Monday, October 27, 2008

Skim--Mariko Tamaki (book review)

First off, I'm not what you'd call a graphic novel fan. Never have been.

What do you bet authors hate it when reviewers admit to not really digging their genre and then proceed to review their book anyway? "It was too, I dunno . . . graphic novel-ish. But other than that, I guess it was okay."

The thing is, though, I've read several graphic novels this year which exceeded my expectations. In fact, they raised the bar enough that I started to think maybe I do like graphic novels, after all, if they're the right kind: character-driven realistic fiction.

On the surface, Skim fits the bill: Author Mariko Tamaki and illustrator Jillian Tamaki (I love that they're cousins) portray a depressed Asian-Canadian teen's search for meaning and connection in her life in the aftermath of a friend's boyfriend's suicide. And, there are some great moments:

...Skim's attendance at her first Wicca meeting which turns out to be serving double duty as an AA meeting...

If I was taking someone to an AA group I would have mentioned that

...Skim's crush on her female hippie-esque English and Drama teacher, who encourages the attachment until it becomes innappopriate (aka, illegal), then shuts Skim out of her life without warning...

All the spells for bringing someone back to you need hair from the person
who has left. How are you supposed to get hair if the person won't talk to
is gone? Witchcraft=total crap.

So, why didn't I love this book?

Too graphic novel-ish.

Just kidding.

Reading Skim felt like watching the previews for a movie that looks interesting enough on the surface to make you want to know more. But a novel needs to do more than touch on a series of interesting moments. It needs to tie them together with a thread that pulls the reader into the main character's world. I wanted to care about Skim and her teen angst, but I never quite got there before the book ended.

Plenty of people have, though, which is why Skim appeared on my list of Mock Printz Award titles, and is up for a Governor General’s Award for Children’s Literature.
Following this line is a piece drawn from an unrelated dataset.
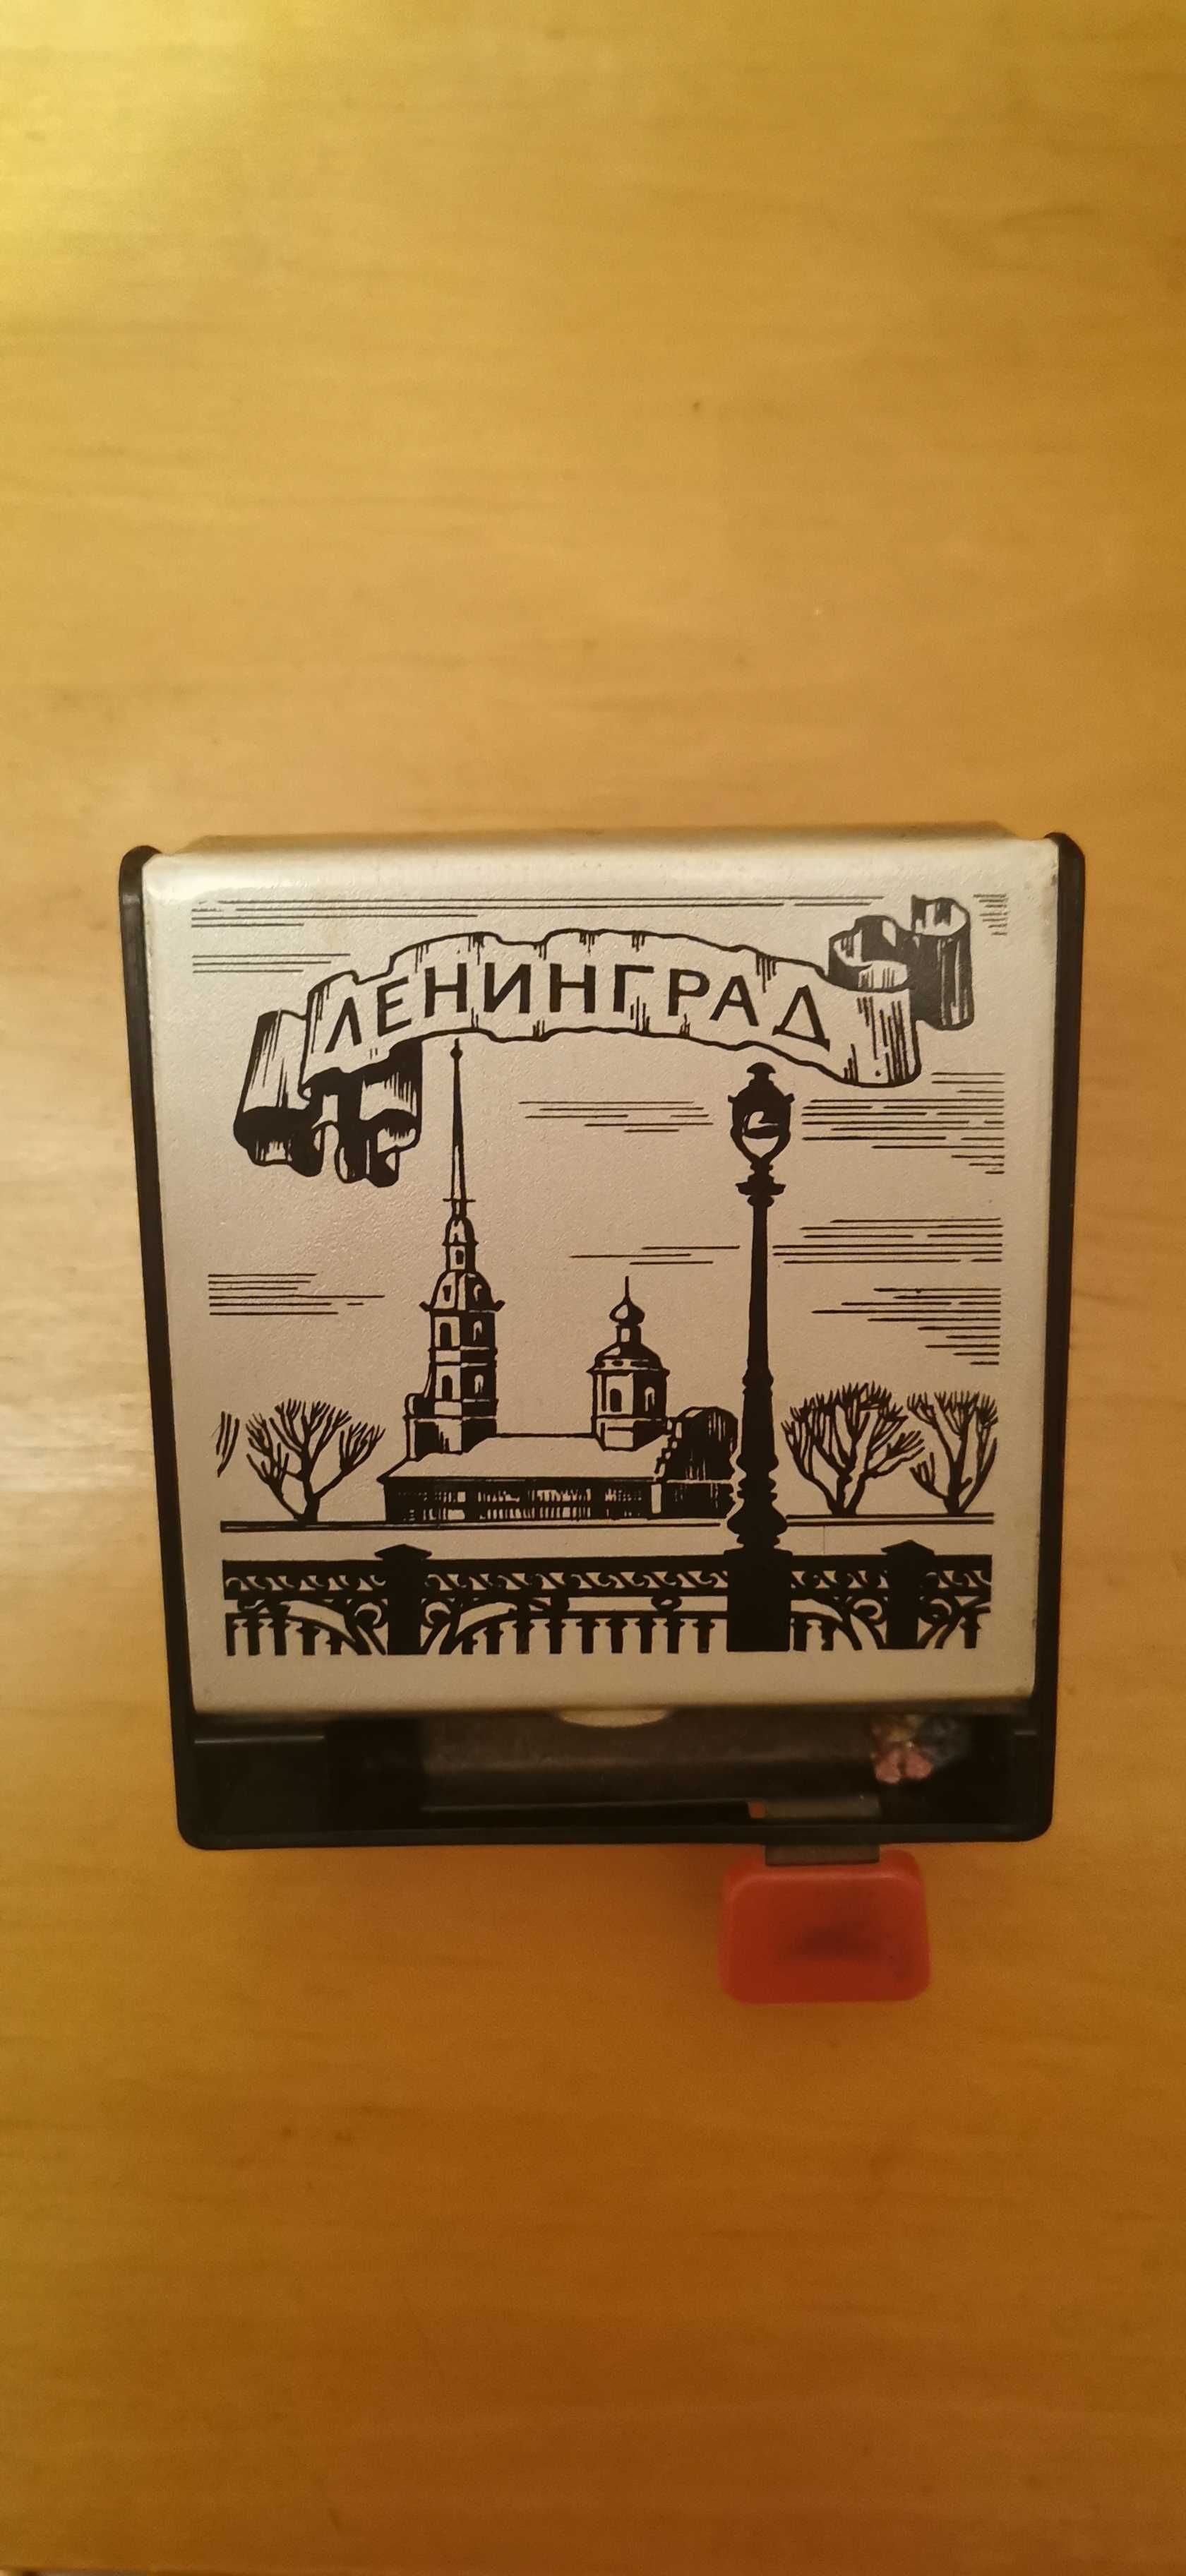 Cutie pentru țigări vintage. Perioada comunistă. Leningrad

You can learn more about the author on her website,

Soundtrack: Lovesong, by The Cure. Seems like the kind of thing Skim might've been listening to in 1994, when the story takes place.


  1. I'm just starting to get into graphic novels. Sounds like this one might have some interesting premises, but not fully flesh them out.

    I read a great quote by Dave Eggers about graphic novels, "Far from being literary fiction’s halfwit cousin, the graphic novel is actually its mutant sister, who can often do everything fiction can, and, just as often, more."

  2. hmmm...I can say that I have never read a graphic novel. I think I even missed when they first hit the book scene.
    But perhaps it is something I need to look into.
    After I finish my TBR pile.

  3. I tried a graphic novel recently and they're not "my cup of tea" either. I guess I really shouldn't base that on one book though.

  4. Heather, what a cool quote. It's a struggle for me to get out of a graphic novel what the illustrator put into it--I have to remind myself to spend as much time looking at the pictures as reading the words. But when I do it right, I would agree with Eggers.

    Caite and Bermudaonion, the great thing about graphic novels, if you want to try them, is that they go fast. I read The Shiniest Jewel, which was probably my favorite, in one morning. I picked up Skim on the way to the skatepark with my kids and finished it before they were done--about an hour and a half. Persepolis took a little longer because it was 2 books in one and was a little denser than the others--but I was still done with it in a couple days.